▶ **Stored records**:
◇ ◇ ◇

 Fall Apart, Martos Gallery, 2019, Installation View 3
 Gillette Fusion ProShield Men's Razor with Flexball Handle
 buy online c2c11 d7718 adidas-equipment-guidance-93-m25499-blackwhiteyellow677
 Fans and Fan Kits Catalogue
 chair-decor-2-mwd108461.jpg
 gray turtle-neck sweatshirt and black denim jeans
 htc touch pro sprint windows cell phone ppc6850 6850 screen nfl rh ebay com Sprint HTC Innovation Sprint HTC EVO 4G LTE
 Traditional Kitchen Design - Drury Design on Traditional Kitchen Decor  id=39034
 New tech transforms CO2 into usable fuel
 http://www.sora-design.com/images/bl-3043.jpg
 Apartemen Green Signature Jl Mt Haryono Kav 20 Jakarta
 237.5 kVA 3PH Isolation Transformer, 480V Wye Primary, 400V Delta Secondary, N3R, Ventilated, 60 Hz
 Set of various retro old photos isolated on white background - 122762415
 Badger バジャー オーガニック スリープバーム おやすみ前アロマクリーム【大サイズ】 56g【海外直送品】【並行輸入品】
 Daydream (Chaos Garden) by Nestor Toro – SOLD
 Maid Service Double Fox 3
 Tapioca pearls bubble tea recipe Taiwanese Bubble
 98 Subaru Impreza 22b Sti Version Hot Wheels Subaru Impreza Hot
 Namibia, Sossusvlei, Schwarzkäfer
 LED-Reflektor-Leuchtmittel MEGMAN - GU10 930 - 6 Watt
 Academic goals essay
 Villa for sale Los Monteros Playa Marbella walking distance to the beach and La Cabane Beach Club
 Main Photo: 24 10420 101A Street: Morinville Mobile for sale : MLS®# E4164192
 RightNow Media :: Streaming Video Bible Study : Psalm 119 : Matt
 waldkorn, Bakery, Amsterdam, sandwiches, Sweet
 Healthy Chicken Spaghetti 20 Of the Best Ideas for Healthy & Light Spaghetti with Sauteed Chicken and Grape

◇ ◇ ◇

▶ **Directions**: Search the records for the word "sale", then list every line that has it.

▶ **Result**:
 Villa for sale Los Monteros Playa Marbella walking distance to the beach and La Cabane Beach Club
 Main Photo: 24 10420 101A Street: Morinville Mobile for sale : MLS®# E4164192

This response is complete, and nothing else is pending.